■ Material for this exercise:
┌──

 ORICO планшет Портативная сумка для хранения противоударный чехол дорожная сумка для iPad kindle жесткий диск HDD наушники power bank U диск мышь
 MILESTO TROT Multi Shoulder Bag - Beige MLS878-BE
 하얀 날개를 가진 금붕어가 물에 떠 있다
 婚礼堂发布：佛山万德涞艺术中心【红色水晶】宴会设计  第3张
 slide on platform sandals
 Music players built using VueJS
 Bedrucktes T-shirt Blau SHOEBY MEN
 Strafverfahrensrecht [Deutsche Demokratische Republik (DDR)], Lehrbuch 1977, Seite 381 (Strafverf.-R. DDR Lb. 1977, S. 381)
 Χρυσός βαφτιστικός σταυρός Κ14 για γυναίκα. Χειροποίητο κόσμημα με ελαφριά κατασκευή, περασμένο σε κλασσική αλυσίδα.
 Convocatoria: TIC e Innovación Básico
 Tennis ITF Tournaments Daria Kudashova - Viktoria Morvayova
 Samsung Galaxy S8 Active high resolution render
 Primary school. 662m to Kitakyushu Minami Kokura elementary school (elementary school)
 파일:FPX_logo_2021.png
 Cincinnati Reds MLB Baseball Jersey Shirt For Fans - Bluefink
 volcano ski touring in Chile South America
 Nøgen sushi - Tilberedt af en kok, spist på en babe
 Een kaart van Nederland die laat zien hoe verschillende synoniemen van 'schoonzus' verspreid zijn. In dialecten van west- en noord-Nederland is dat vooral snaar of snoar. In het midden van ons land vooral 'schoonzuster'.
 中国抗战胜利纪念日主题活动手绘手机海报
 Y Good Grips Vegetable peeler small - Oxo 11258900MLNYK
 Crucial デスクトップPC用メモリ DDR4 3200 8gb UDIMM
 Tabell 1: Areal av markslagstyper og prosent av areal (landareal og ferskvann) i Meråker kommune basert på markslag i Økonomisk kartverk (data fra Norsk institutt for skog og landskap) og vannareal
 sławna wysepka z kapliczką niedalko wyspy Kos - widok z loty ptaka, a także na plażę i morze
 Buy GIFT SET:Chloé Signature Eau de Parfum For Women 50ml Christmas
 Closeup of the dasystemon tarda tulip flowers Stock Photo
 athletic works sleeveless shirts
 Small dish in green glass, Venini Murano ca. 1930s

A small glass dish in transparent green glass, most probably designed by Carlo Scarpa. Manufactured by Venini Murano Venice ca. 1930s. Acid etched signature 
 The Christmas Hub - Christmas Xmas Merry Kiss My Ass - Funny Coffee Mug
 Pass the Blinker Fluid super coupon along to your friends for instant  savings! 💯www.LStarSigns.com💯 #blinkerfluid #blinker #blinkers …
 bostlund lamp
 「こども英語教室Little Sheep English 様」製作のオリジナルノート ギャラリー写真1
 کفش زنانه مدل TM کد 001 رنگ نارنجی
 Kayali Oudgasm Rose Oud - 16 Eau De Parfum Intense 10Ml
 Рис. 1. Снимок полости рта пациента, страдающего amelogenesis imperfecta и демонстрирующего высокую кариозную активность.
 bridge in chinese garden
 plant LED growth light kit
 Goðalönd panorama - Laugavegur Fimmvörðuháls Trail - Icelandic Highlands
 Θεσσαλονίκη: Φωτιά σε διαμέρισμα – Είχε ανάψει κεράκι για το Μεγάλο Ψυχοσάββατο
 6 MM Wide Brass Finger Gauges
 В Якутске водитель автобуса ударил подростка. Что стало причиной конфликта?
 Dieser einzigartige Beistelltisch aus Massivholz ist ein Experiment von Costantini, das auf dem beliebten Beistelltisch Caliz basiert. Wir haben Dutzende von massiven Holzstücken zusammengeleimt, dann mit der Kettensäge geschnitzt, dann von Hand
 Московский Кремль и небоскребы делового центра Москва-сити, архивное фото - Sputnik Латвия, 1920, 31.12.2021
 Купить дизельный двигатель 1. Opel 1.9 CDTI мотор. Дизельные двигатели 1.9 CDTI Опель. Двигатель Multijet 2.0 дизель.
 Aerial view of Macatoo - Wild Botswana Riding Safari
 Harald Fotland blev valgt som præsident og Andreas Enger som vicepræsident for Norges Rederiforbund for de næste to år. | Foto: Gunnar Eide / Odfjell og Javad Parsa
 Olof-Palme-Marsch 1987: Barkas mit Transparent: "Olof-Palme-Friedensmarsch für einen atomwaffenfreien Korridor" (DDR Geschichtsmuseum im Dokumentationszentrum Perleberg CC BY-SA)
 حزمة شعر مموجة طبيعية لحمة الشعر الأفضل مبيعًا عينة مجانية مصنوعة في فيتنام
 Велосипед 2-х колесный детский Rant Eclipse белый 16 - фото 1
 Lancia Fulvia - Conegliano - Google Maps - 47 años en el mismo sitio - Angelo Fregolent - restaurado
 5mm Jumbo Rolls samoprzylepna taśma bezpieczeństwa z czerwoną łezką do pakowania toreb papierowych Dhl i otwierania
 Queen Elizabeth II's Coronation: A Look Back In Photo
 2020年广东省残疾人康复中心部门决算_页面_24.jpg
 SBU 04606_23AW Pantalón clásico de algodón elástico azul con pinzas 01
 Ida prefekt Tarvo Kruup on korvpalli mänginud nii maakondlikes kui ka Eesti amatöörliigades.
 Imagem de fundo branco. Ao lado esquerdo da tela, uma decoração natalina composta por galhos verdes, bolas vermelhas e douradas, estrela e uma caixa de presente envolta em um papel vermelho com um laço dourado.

└──

■ Exercise objective: What you should output is every line of the records above, from the first through the line containing "Nøgen sushi - Tilberedt", unchanged.

■ Completed task:
 ORICO планшет Портативная сумка для хранения противоударный чехол дорожная сумка для iPad kindle жесткий диск HDD наушники power bank U диск мышь
 MILESTO TROT Multi Shoulder Bag - Beige MLS878-BE
 하얀 날개를 가진 금붕어가 물에 떠 있다
 婚礼堂发布：佛山万德涞艺术中心【红色水晶】宴会设计  第3张
 slide on platform sandals
 Music players built using VueJS
 Bedrucktes T-shirt Blau SHOEBY MEN
 Strafverfahrensrecht [Deutsche Demokratische Republik (DDR)], Lehrbuch 1977, Seite 381 (Strafverf.-R. DDR Lb. 1977, S. 381)
 Χρυσός βαφτιστικός σταυρός Κ14 για γυναίκα. Χειροποίητο κόσμημα με ελαφριά κατασκευή, περασμένο σε κλασσική αλυσίδα.
 Convocatoria: TIC e Innovación Básico
 Tennis ITF Tournaments Daria Kudashova - Viktoria Morvayova
 Samsung Galaxy S8 Active high resolution render
 Primary school. 662m to Kitakyushu Minami Kokura elementary school (elementary school)
 파일:FPX_logo_2021.png
 Cincinnati Reds MLB Baseball Jersey Shirt For Fans - Bluefink
 volcano ski touring in Chile South America
 Nøgen sushi - Tilberedt af en kok, spist på en babe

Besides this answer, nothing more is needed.